| |||
| Home > Instruction Execution > Parallel execution | |||
The VFP11 coprocessor can execute in each of the three pipelines independently of the others and without blocking issue or writeback from any pipeline. Separate LS, FMAC, and DS pipelines enable parallel operation of CDP and data transfer instructions. Scheduling instructions to take advantage of the parallelism that occurs when multiple instructions execute in the VFP11 pipelines can result in a significant improvement in program execution time.
A data transfer operation can begin execution if:
no data hazards exist with any currently executing operations
the LS pipeline is not currently stalled by the ARM1136 processor or busy with a data transfer multiple.
A CDP can be issued to the FMAC pipeline if:
No data hazards exist with any currently executing operations
The FMAC pipeline is available. The pipeline is available if no short vector CDP is executing and no double-precision multiply is in the first cycle of the multiply operation.
No short vector operation with unissued iterations is currently executing in either the FMAC or DS pipeline.
A divide or square root instruction can be issued to the DS pipeline if:
No data hazards exist with any currently executing operations.
The DS pipeline is available. The pipeline is available if no current divide or square root is executing in the DS pipeline E1 stage.
No short vector operation with unissued iterations is executing in the FMAC pipeline.
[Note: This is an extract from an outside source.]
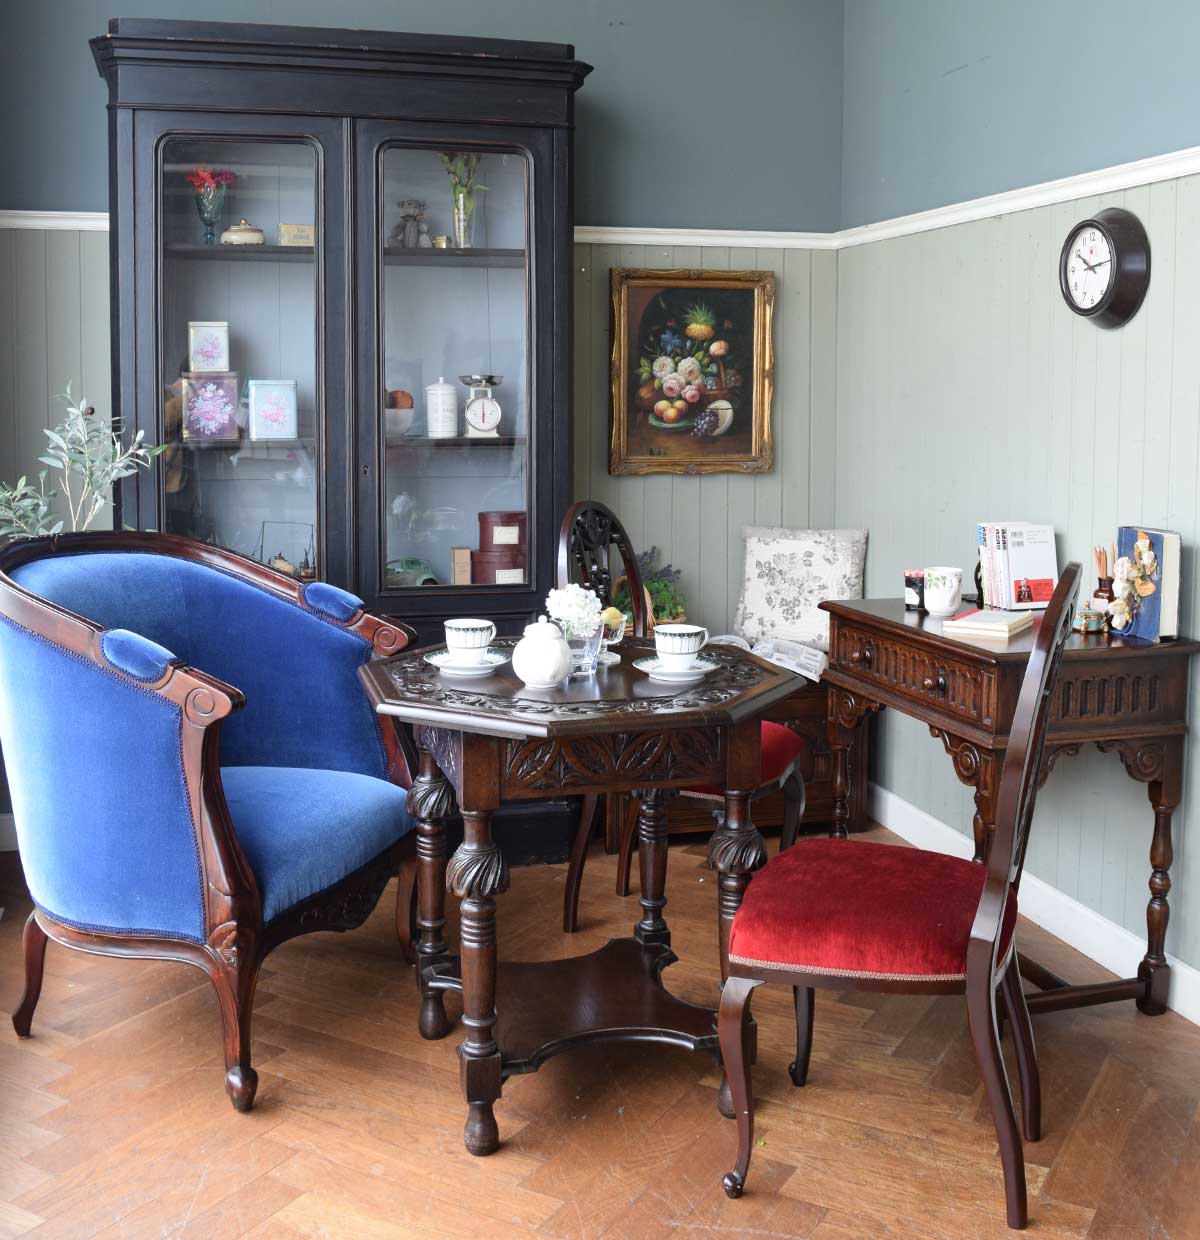 ハンドルスタイルのリビング | 海外のインテリア雑誌が見本フランスの家具が挿し色のお部屋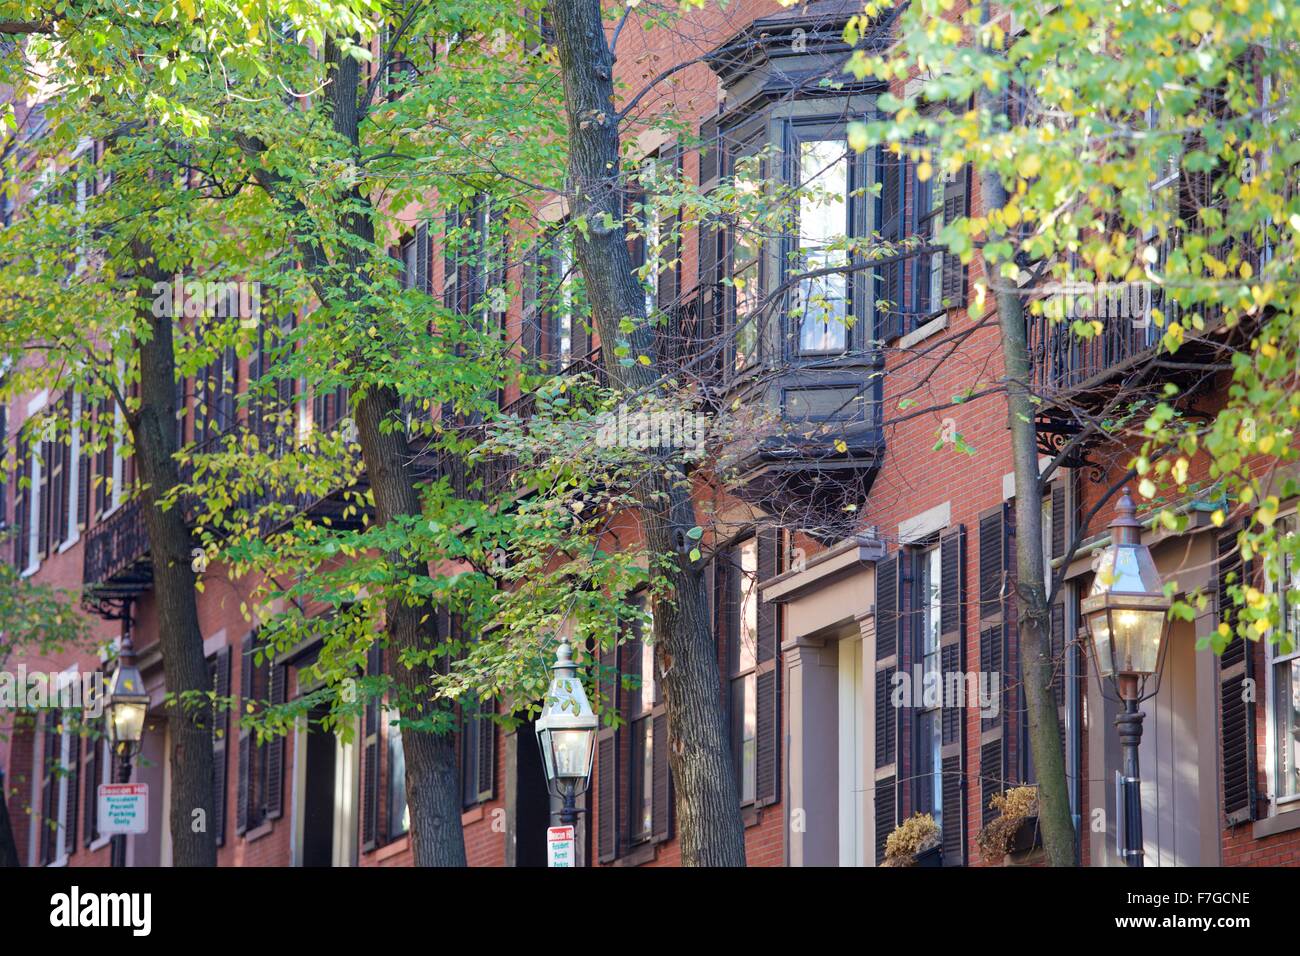 Autumn in the historic neighborhood of Beacon Hill, Boston, Massachusetts Stock Photo

Table 4.16 shows a case of the VFP11 coprocessor executing instructions in parallel in each of the three pipelines:
a load multiple in the L/S pipeline
a divide in the DS pipeline
a short vector add in the FMAC pipeline.
In this example, the LEN field contains b011, selecting a vector length of four iterations, and the STRIDE field contains b00, for a vector stride of one.
Example 4.13. Parallel execution in all three pipelines
FLDM [R4], {S4-S13}
FDIVS S0, S1, S2
FADDS S16, S20, S24
Table 4.16 shows the pipeline progression of the three instructions.
Table 4.16. Parallel execution in all three pipelines
| Instruction cycle number | |||||||||||||||
|---|---|---|---|---|---|---|---|---|---|---|---|---|---|---|---|
| Instruction | 1 | 2 | 3 | 4 | 5 | 6 | 7 | 8 | 9 | 10 | 11 | 12 | 13 | 14 | 15 |
FLDM | D | I | E | M1 | M2 | W | W | W | W | W | - | - | - | - | - |
FDIVS | - | D | I | E1’ | E1 | E1 | E1 | E1 | E1 | E1 | E1 | E1 | E1 | E1 | E1 |
FADDS | - | - | D | I | E1 | E1 | E1 | E1 | E2 | E3 | E4 | E5 | E6 | E7 | W |
In Example 4.13, no
data hazards exist between any of the three instructions. The load multiple can
begin execution immediately, and data is transferred to the register
file beginning in cycle 6. Because the destination is in bank 0,
the FDIVS is a scalar operation and requires one cycle
in the FMAC pipeline E1 stage. If the FDIVS was a short
vector operation, the FADDS could not begin execution
until the last FDIVS iteration passed the FMAC E1 pipeline
stage. The FADDS is a short vector operation and requires
the FMAC pipeline E1 stage for cycles 5-8.
E1’ is the first cycle in E1 and is in both FMAC and DS blocks. Subsequent E1 cycles represent the iteration cycles and occupy both E1 and E2 stages in the DS block.